Judges at Europe’s top human rights court on Wednesday, May 16, heard the first case to come before them arising from the U.S. Central Intelligence Agency’s program of ‘extraordinary rendition,’ the campaign of covert cross-border transfers of terror suspects launched by the agency after the attacks of September 11, 2001. The case has been brought by Khaled El-Masri, a German citizen of Lebanese descent who was abducted by Macedonian agents at a border crossing in 2004, and transferred to CIA custody in a Kabul dungeon.

El-Masri himself was never brought before a judge during the 149 days he spent in secret Macedonian and U.S. captivity. These included three weeks of unauthorized detention by Macedonian intelligence agents in a private hotel room in Skopje, only a few miles from the German embassy. On trial before the European Court of Human Rights in Strasbourg will instead be the actions of the Macedonian government, which held and handed over El-Masri in a callous, calculating contribution to the CIA’s “global war on terror.” The favor reportedly earned the then-head of the Macedonian intelligence service a special trip to CIA headquarters in Langley, Virginia to receive an award from the hands of George Tenet, who headed the agency at the time.

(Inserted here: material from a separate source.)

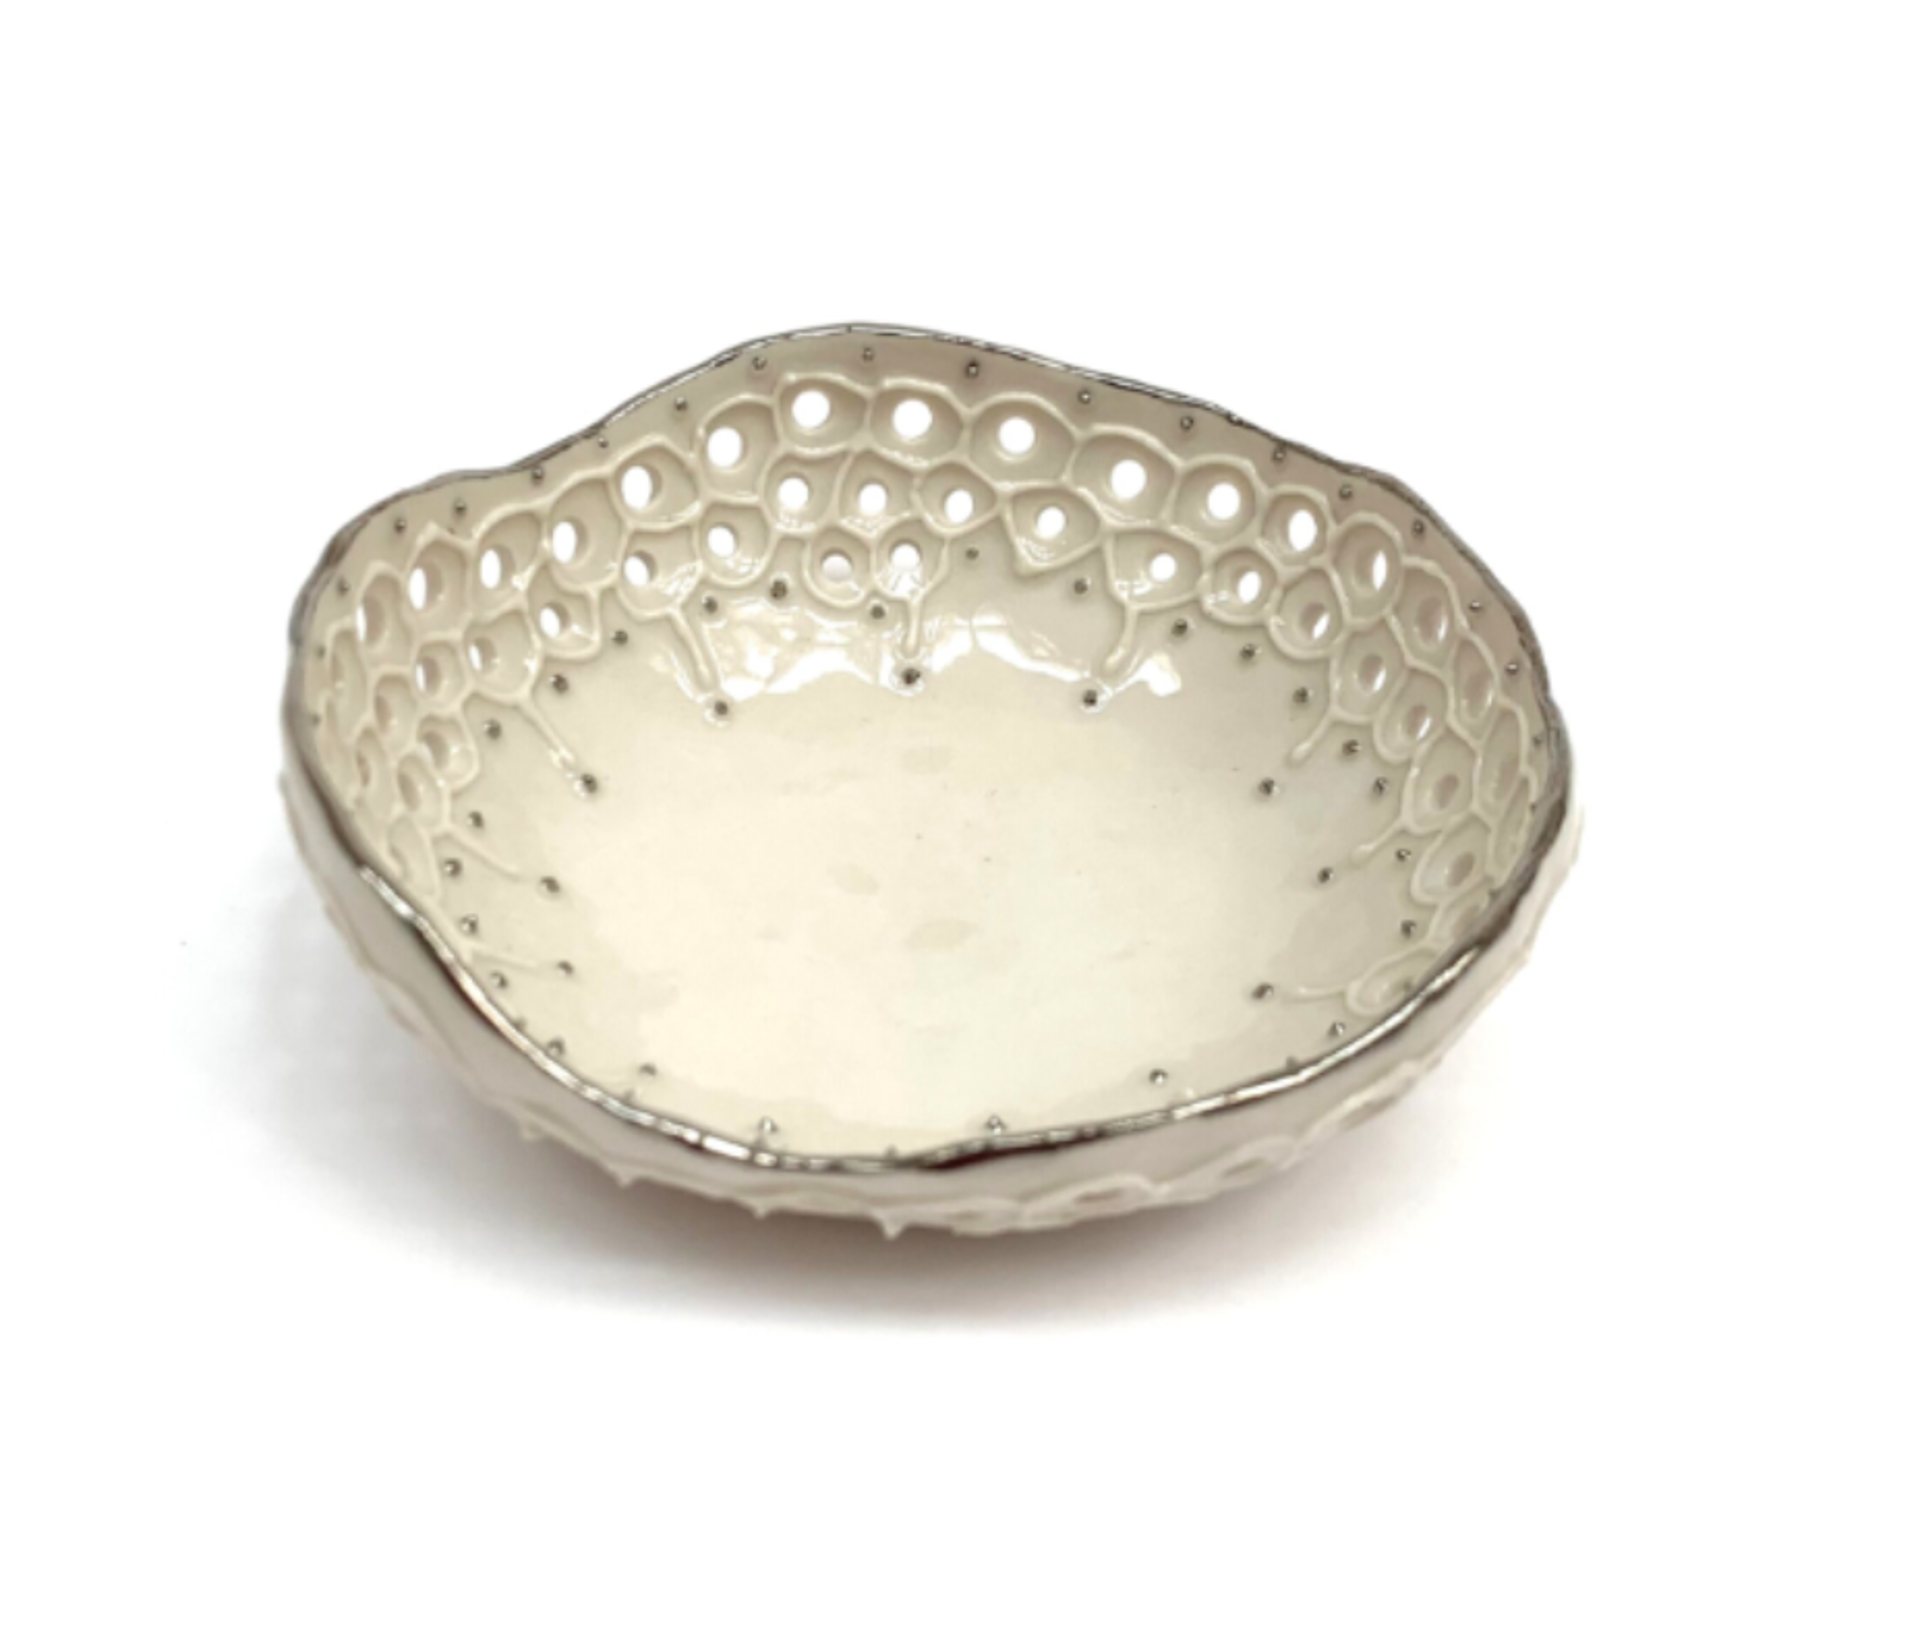 Small Lacy Silver Bowl (1) by Maria Bruckman

The Wednesday hearing has been a long time coming for El-Masri himself. It is in fact, the first time that a court anywhere will conduct a full hearing on the merits of his claims, even though various criminal and civil proceedings related to his case have been initiated in Germany, the United States, Macedonia and Spain. In the U.S. his bid to seek damages from Tenet and the CIA was thrown out by the courts under the now-infamous “state secrets” doctrine, which allowed the U.S. government to have the case dismissed without ever getting to the merits.

The Strasbourg hearing, at which El-Masri will be represented by a team of lawyers from the Open Society Justice Initiative, is also a vindication for the many other groups and individuals who took up his cause and helped shed light on his story over the years. The list is long, another kind of “coalition of the willing.” There is his German lawyer, Manfred Gnjidic, who requested a criminal and parliamentary investigation within weeks of his client’s release and tirelessly represented him over the years—assisted also by the Berlin-based European Centre for Civil and Constitutional Rights. There are the reporters at Reuters, the Washington Post, Der Spiegel and countless other outlets who broke the story and helped keep it alive, and researchers at the UK group Reprieve who pursued details of rendition flights.

In the US, lawyers with the American Civil Liberties Union took his case all the way to the Supreme Court. When that failed, they filed an international petition against the U.S. with the Inter-American Commission on Human Rights, making El-Masri the first person to have brought cases before both the European and the American human rights systems.

Back in Europe, two parallel international inquiries, led by Swiss Senator Dick Marty for the Council of Europe and Italian MEP Claudio Fava for the European Parliament, produced a compelling body of evidence corroborating El-Masri’s story -- as did a multi-year investigation by the German Bundestag. More recently, Spanish investigating judges—following on the footsteps of a local investigative reporter—are considering issuing arrest warrants for the CIA rendition team that stopped in a Palma de Mallorca luxury hotel in the middle of a flight circuit that involved rendering both Khaled El-Masri and Binyam Mohamed, the British detainee recently released from Guantanamo.

Freedom of information requests and advocacy also played a role in establishing the facts and discrediting the versions provided by the governments involved. Thus a FOI request filed by the Justice Initiative with the Macedonian civil aviation authority triggered an official confirmation—the first public one in Macedonia—of the Skopje landing and departure of the rendition flight, and the fact that it arrived with no “passengers’ and left with one. Similar requests filed with the authorities in Albania—where El-Masri was reverse-rendered when the CIA realized it had the wrong man—confirmed his account that he was placed on a commercial flight from Tirana to Frankfurt, with just a ticket put in his hand.

The Wednesday hearing is, of course, a testament above all to Khaled El-Masri’s own courage and tenacity in his eight-year-old quest for justice and the truth. As he said on the steps of a Manhattan courthouse, what he wants most is “an explanation and an apology.” He has yet to receive one from either the US or the Macedonian government. But, finally at least, a court will sit in judgment over what was done to him. That hearing will be public and will go forward, any state secrets notwithstanding.